Sweet. Answered before asking.... I was wondering how you were keeping such saturation with the apparent low depth of soil.

Looks great man... Thanks for sharing.

Cheers.


----------



## josh_r (May 27, 2008)

what would you pay for a setup like this??? i may be willing to sell it for a good offer.


----------



## proper_tea (May 27, 2008)

Personally I'd say with the spiders you could probably ask around $250, and sit on it until someone bit, or maybe come down to $200.  It's a very cool set up... unique.  How much of an investment do you have in it?  If you bred the trapdoors yourself, and collected all the plants and such yourself, I would think that $200-250 would be a perfectly reasonable price for your labor and artistic vision.  If you have a significant investment in it, you should probably try to get more.  

It would also be a good piece for any breeder that does a lot of shows to have.  What better way of selling trapdoors then out of a communal natural vivarium?


----------



## josh_r (May 28, 2008)

well, i have 7 spiders in there at $25 a piece and the aquarium alone cost $150. it has a stand that was an extra $100. then theres all the time i put into making this thing. thats about it.


----------



## Scourge (May 28, 2008)

That setup is amazing Josh!! I hope you'll share more pics with us soon!


----------



## proper_tea (May 28, 2008)

I guess the real question is what is it worth to you.  I know if I made that, I certainly wouldn't let it go at a loss...  It would be the kind of thing that I would want to hold on to  show off, but with a good enough offer I'd let go.  If you've got $425 cash into it, then it would probably be reasonable to ask $600... I don't know if anyone will bite at that price though.  It's sort of a specialized thing.  But hey... shop it around and see.  

You could do it for much cheeper.  If you watch Craigslist, there's always large aquariums going for cheep... and there are other spiders that can be kept communally that you could probably breed fairly easily.  What's impressive about your tank isn't so much the spiders, but the beauty of the set up.  Getting moss to do well in a terrarium is impressive in itself (how long has it had to establish itself?).

Anyway, good luck.


----------



## AzJohn (May 28, 2008)

Very cool Josh.
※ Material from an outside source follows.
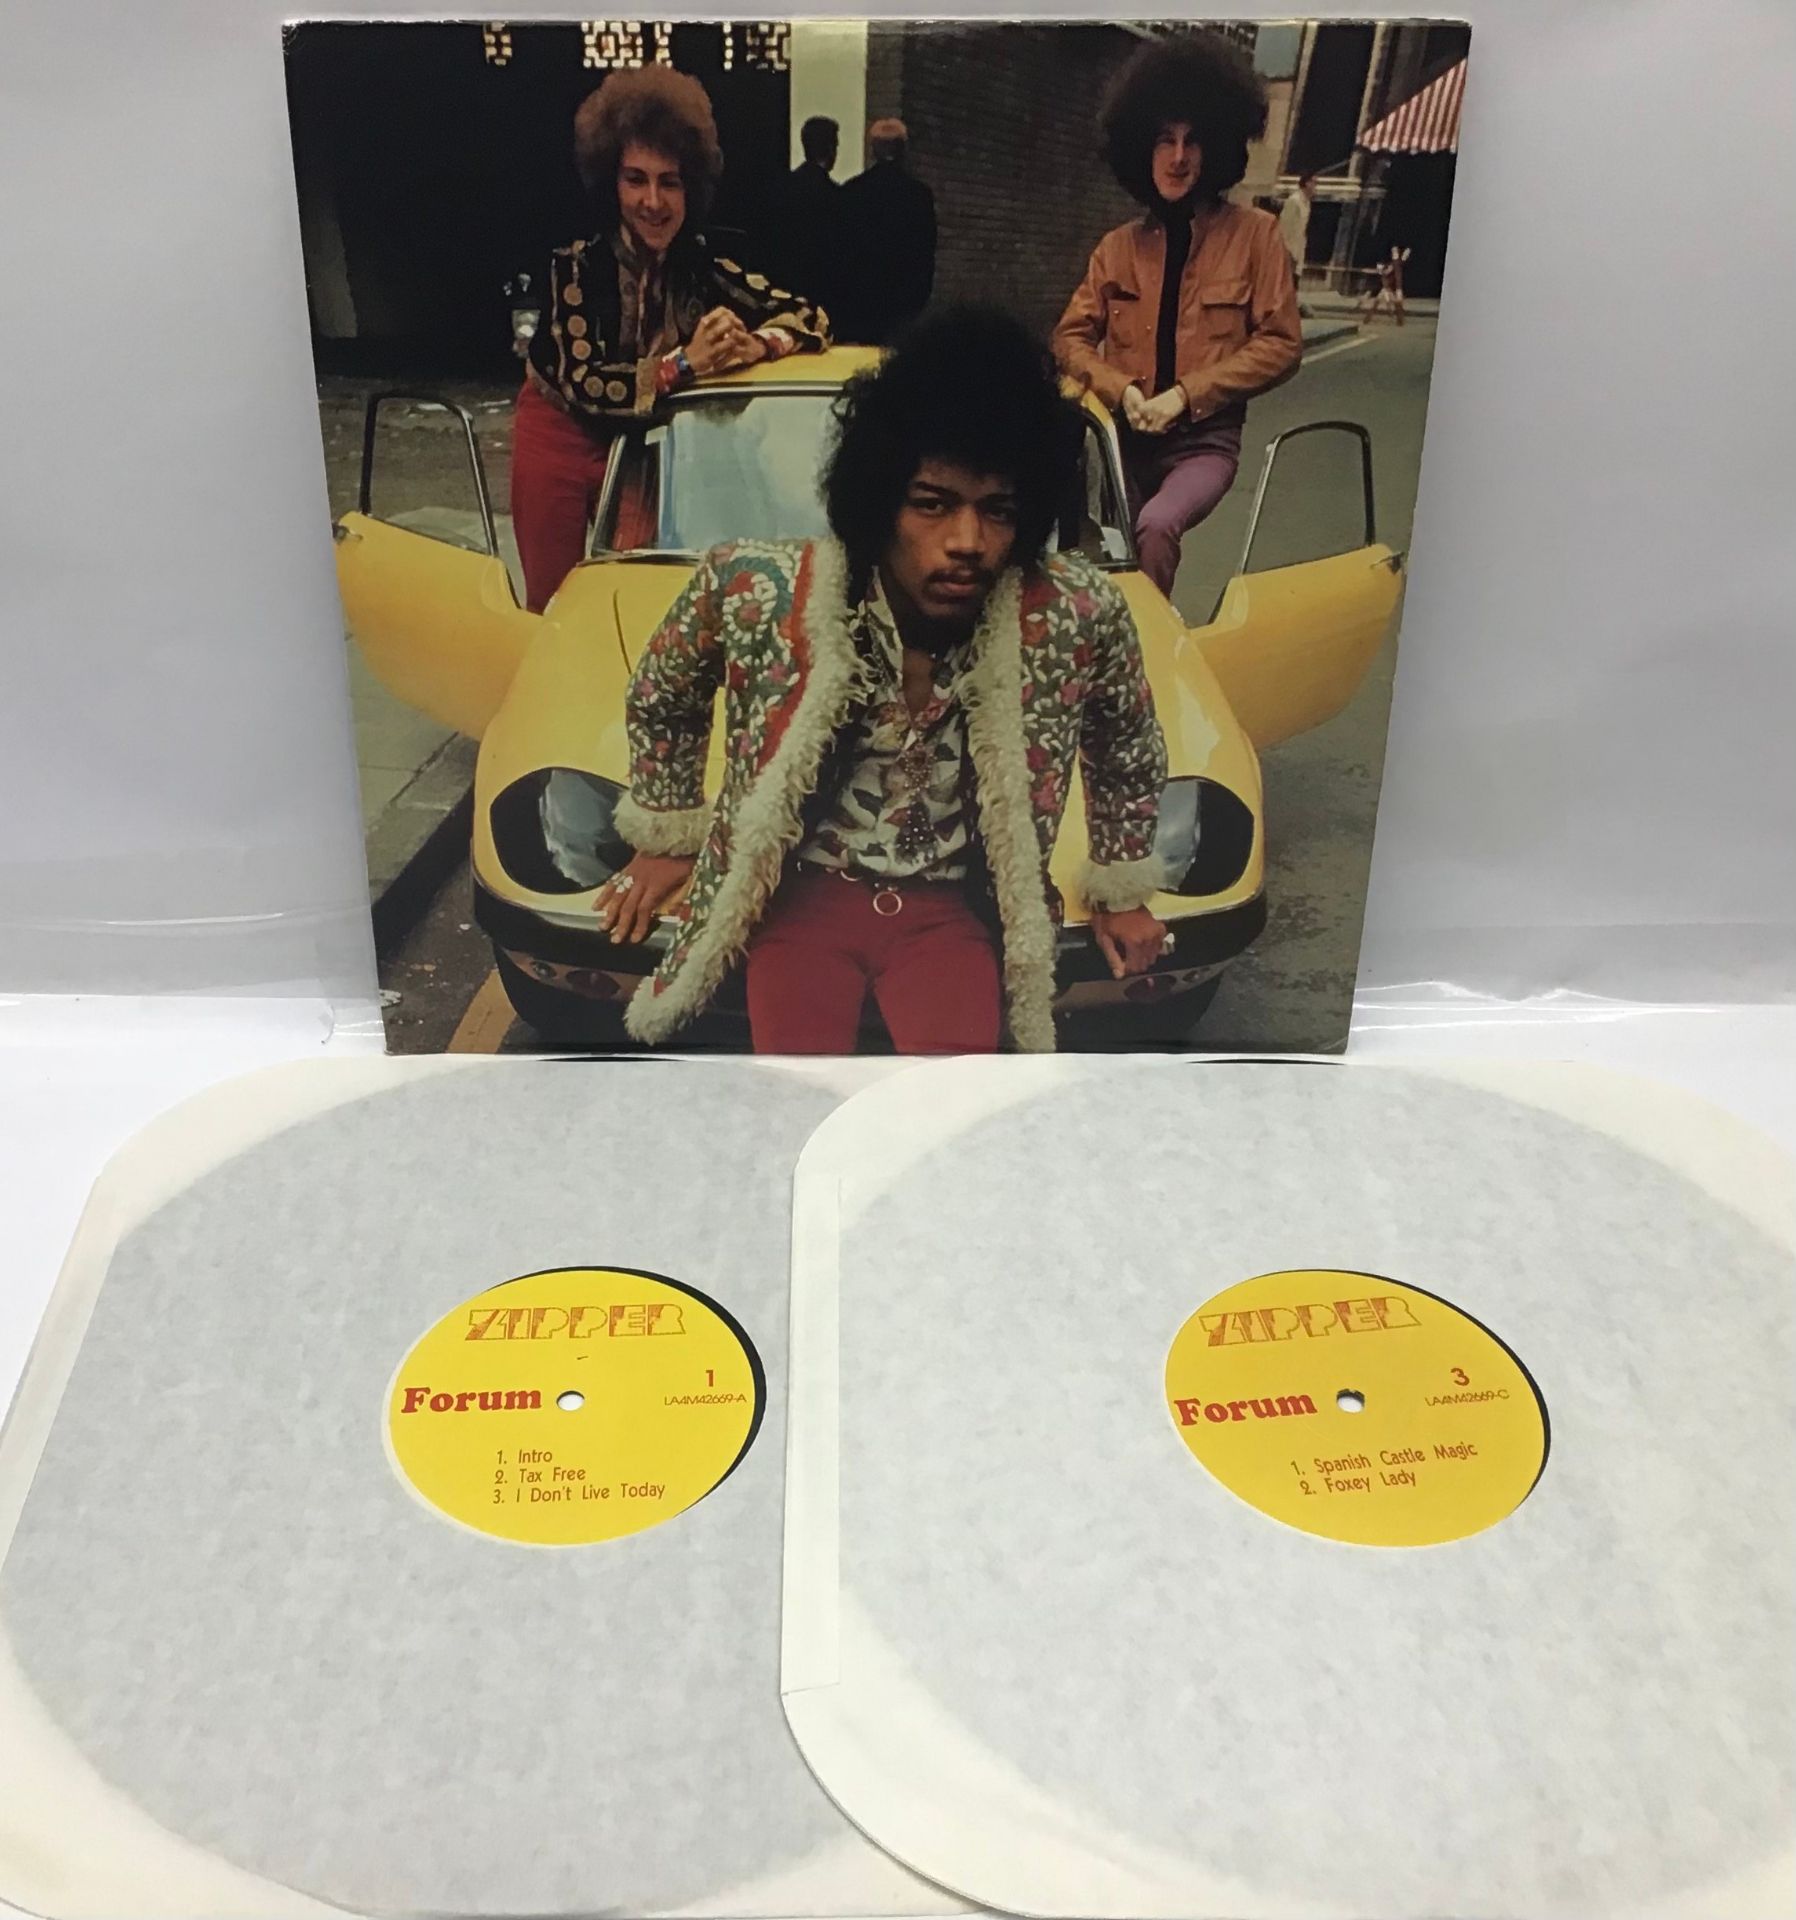 JIMI HENDRIX EXPERIENCE ‘LIVE AT THE L.A.FORUM’ VINYL ALBUM. Both records sound perfect and the

What species are you housing. I've got a couple and you've given me some great ideas.

John


----------



## josh_r (May 28, 2008)

there are liphistius in there. i dont mind a low ball price. that is not even all the money i put into it. the lighting alone was over $100 and then i built the hood.... the lumber and stuff cost money as well. i could see letting it go for $400


----------



## venwu225 (Jan 25, 2009)

can I ask what lighting you actually use? Power compacts? Halides?

thanks


----------



## bhoeschcod (Jan 25, 2009)

Whoa thats sweet!


----------



## P. Novak (Jan 27, 2009)

Where did you get all the plants and moss? Local stuff or store/online bought?


----------



## Malhavoc's (Jan 27, 2009)

josh_r said:


> i would love to introduce something to keep the woodlice in check.



there is several various predators of the wood louse. However. the most prominant that comes to mind (and unfortunetly not the species name) is the bright orange lice eating spiders that are local to california. (will edit this post later for the name) about 2cm body lengh.. however. I am unsure how it would interact with the Trappies. weather they would pick it off. if it would avoid their tunnels. or what- it would be intresting to find out however.



edit: as promised. Dysdera crocata
the woodlice eating spider.

I use it in many of my T terriums that have the more naturual appeal and they generaly are no more of a nuisance then the woodlice cleaners themselve. but makes a nice little. circle. One female per tank usualy does the job. though I have had the problem of the spider over eating the Woodlice- and in such situations its usualy only hunting season type deal. one month in two months out.


----------



## bhoeschcod (Jan 29, 2009)

Its a vivaruim isn't it?


----------



## patotxiki (Jan 30, 2009)

Very cool :clap: 

 What size has the enclosure?








 Cheers;
 Imanol


----------



## darkart82 (Aug 1, 2010)

i hate your setup!!!!!! it sucks!! 
wait a minute ,im just jealous , i wish i could have my pokie cages setup like that is just about the bestup for any critter i have ever seen period , it makes all of mine look like crap. i can tell you put alot of time in setting this up. very spioled spiders


----------